1.     I had actually told Jess that her last-minute email was “completely unnecessary” and “perhaps a bit excessive” since I received two separate confirmations from Thorntree, including confirmation of our arrival time and flight.  Jess has done a very good job of not lording it over me (so far…)
2.     Fortunately there are PICTURES!  Seriously, even these don’t capture the rolling, expansive beauty of the place.
3.     I know I’m ostensibly an adult, but every time we see hippos in Africa, I can’t help but remember being told many times that they’re only dangerous if you see them wiggling their ears and blowing bubbles.  (If you get this reference and admit to it, you are among my favorite people.)
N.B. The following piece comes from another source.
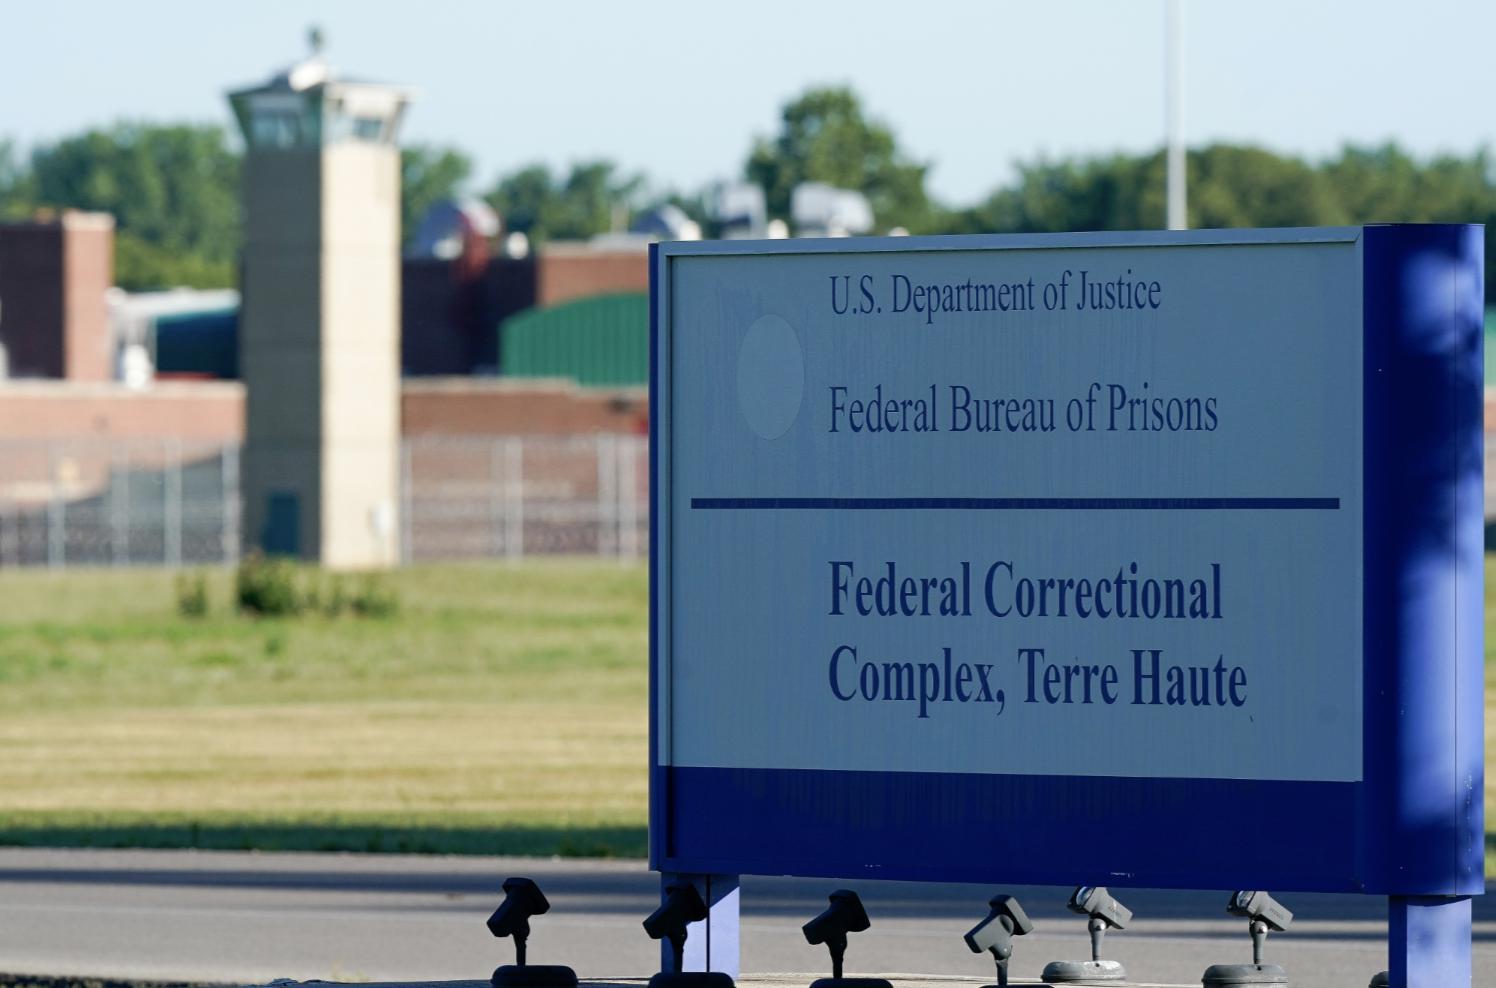 印第安納州特雷豪特(Terre Haute)聯邦監獄。(路透社圖)

4.     The blend between a passionate Christianity and traditional tribal structures was particularly interesting: the driver repeatedly explained these tribal structures by saying “this is a Christian country”.  Churches are more common here than anywhere I’ve been (outside of the South or Texas).  I don’t know the history well enough, but the locals point to the legacy of David Livingstone, the famous missionary and explorer who discovered Victoria Falls and for whom this town is named.  Interestingly, he is beloved in this country (and I understand Zimbabwe as well) for his legendary compassion as much as his fight against the slave trade well before it was banned by Great Britain.